→ **Source material**:
↓

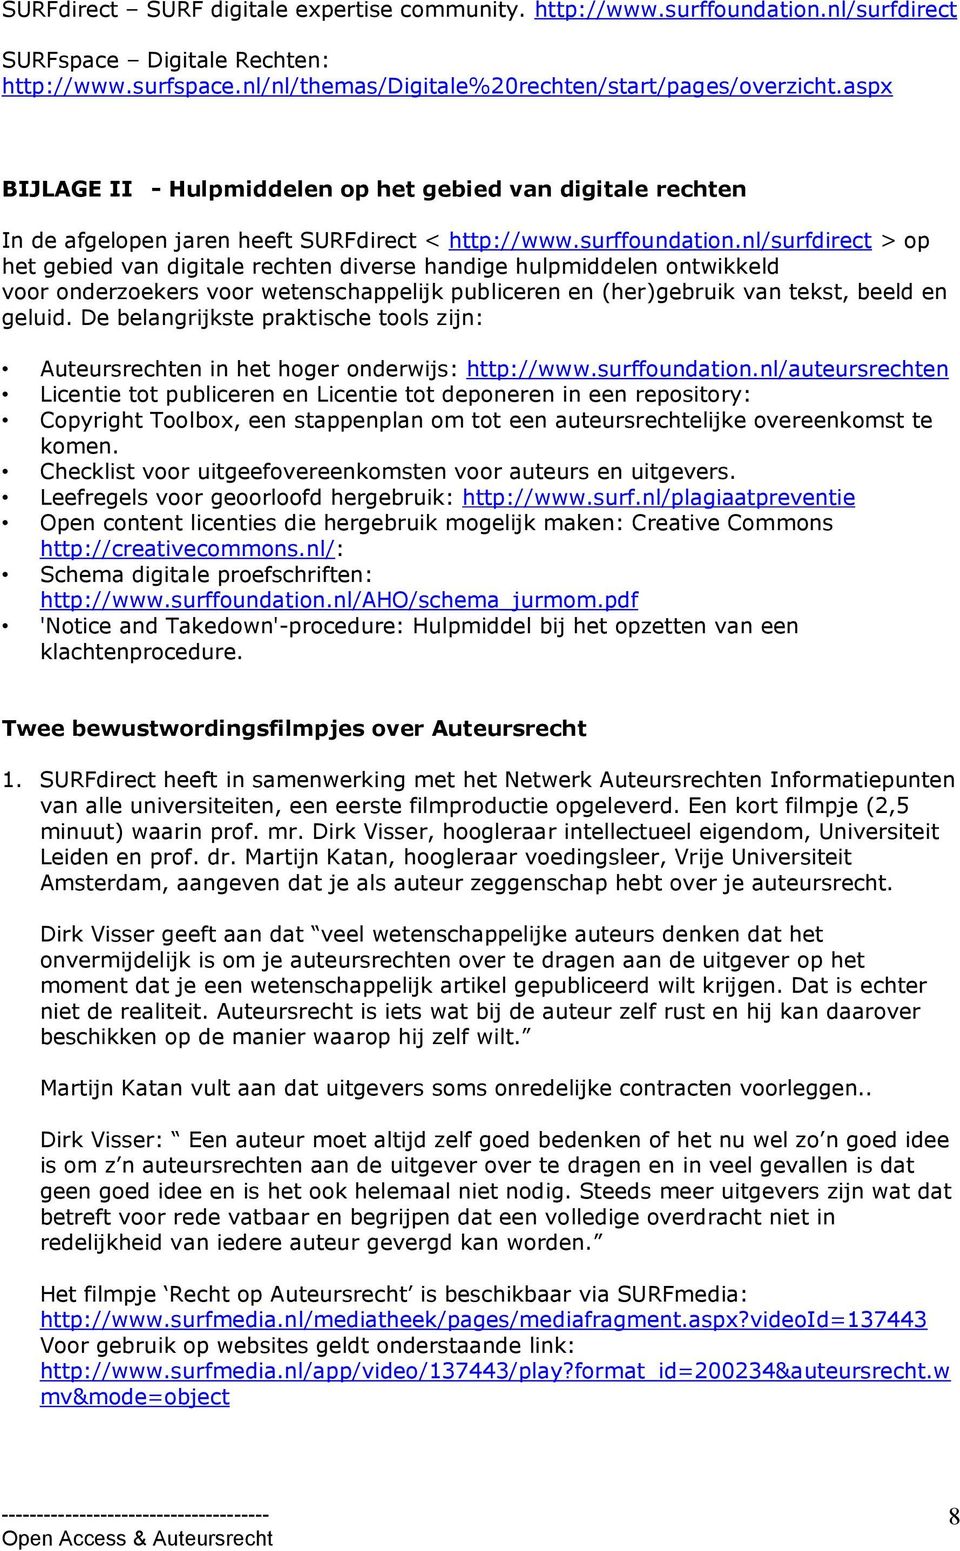 nl/surfdirect > op het gebied van digitale rechten diverse handige hulpmiddelen ontwikkeld voor onderzoekers voor wetenschappelijk publiceren en (her)gebruik van tekst, beeld en geluid.
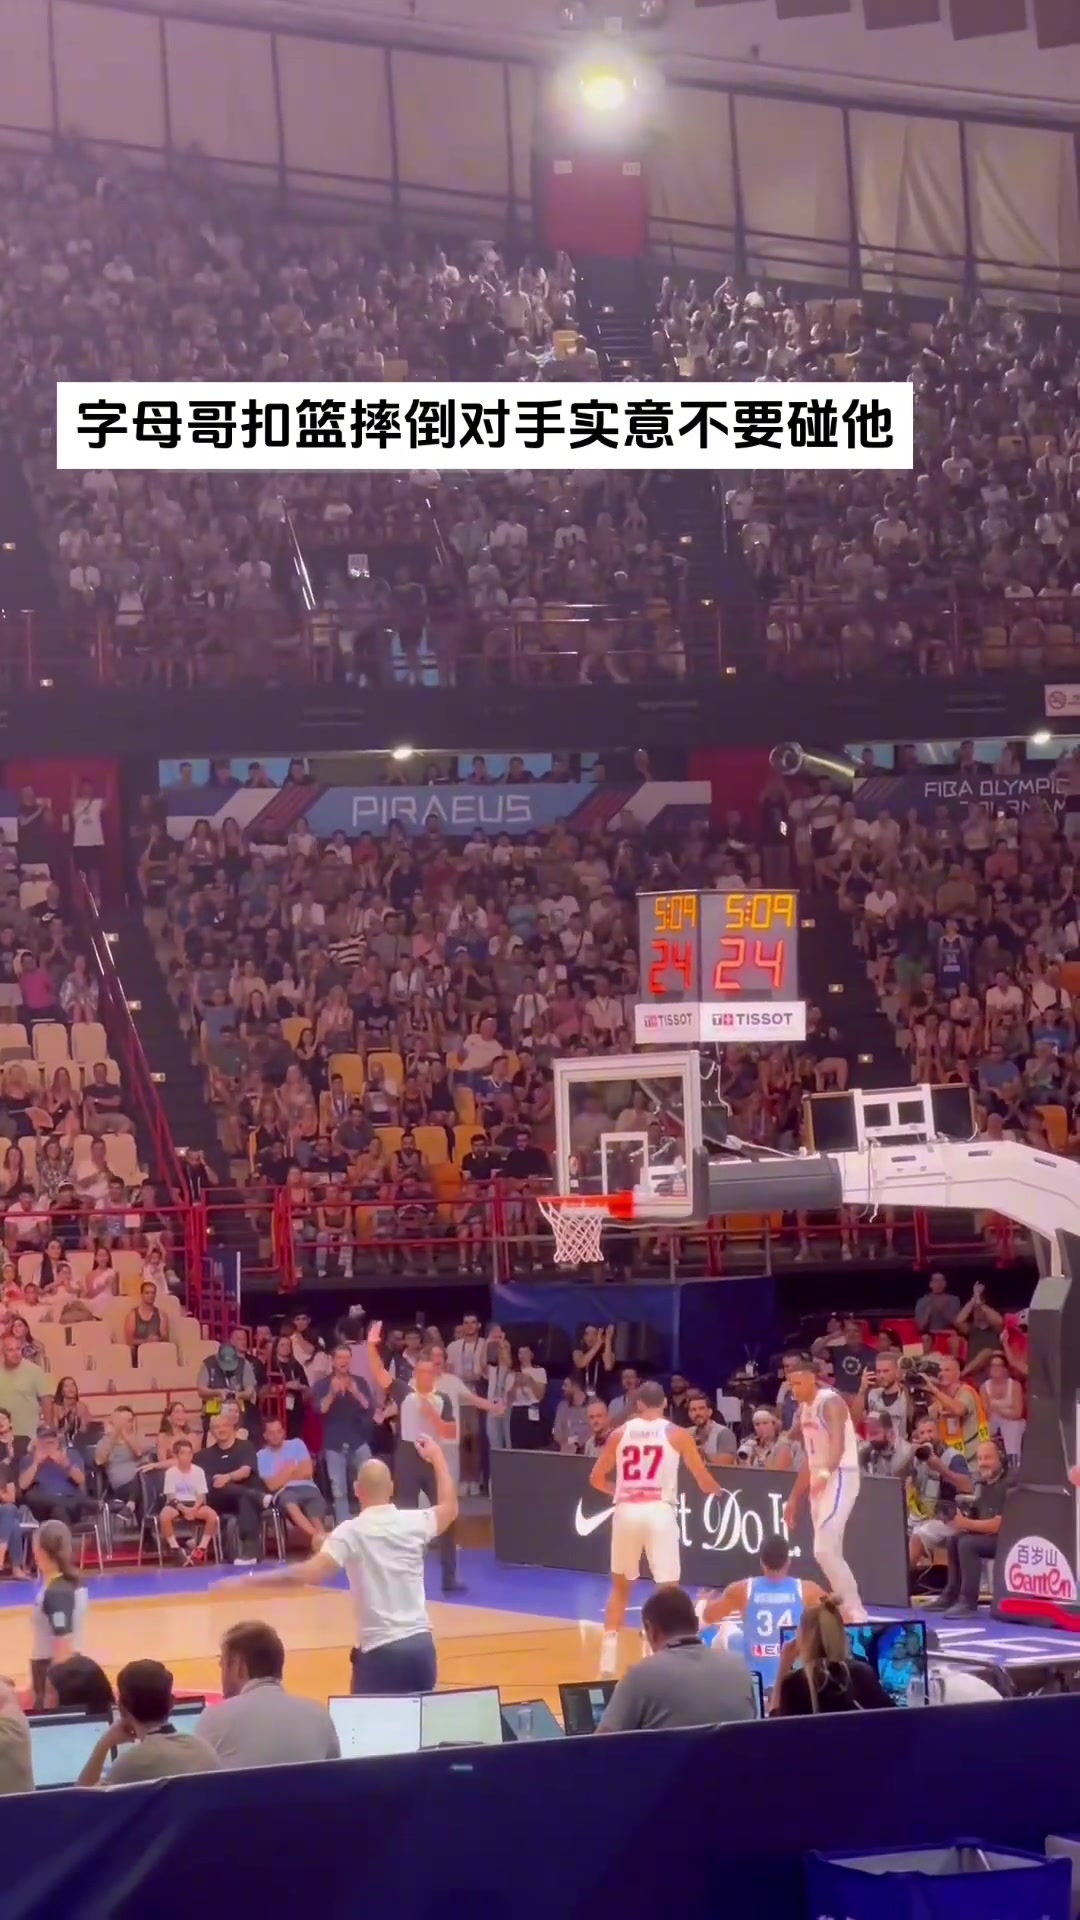 字母哥在FIBA赛场暴扣后对手拉着队友示意不要扶起
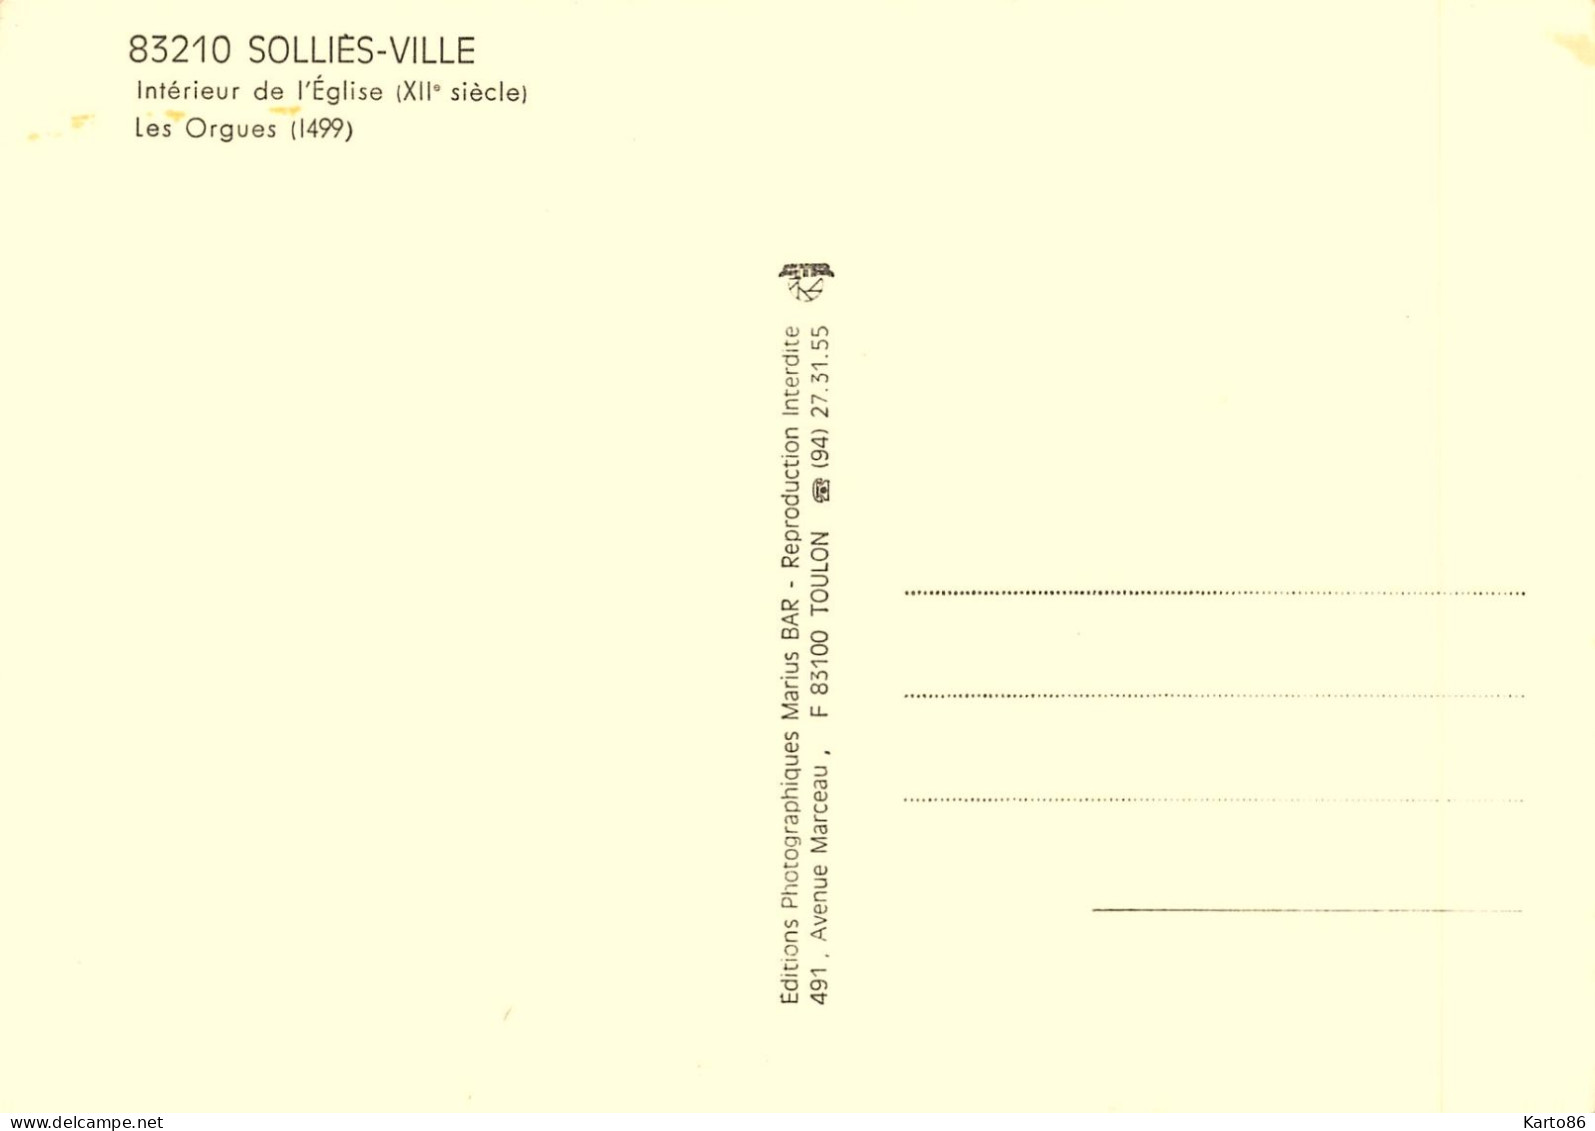 Solliès Ville * Les Orgues * Orgue Orgel Organ Organist Organiste * Intérieur De L'église * Sollies - Sollies Pont

↑

→ **Problem details**:
Output the data exactly. Leave every picture out.

→ **Output of the task**:
 nl/surfdirect > op het gebied van digitale rechten diverse handige hulpmiddelen ontwikkeld voor onderzoekers voor wetenschappelijk publiceren en (her)gebruik van tekst, beeld en geluid.
 字母哥在FIBA赛场暴扣后对手拉着队友示意不要扶起
 Solliès Ville * Les Orgues * Orgue Orgel Organ Organist Organiste * Intérieur De L'église * Sollies - Sollies Pont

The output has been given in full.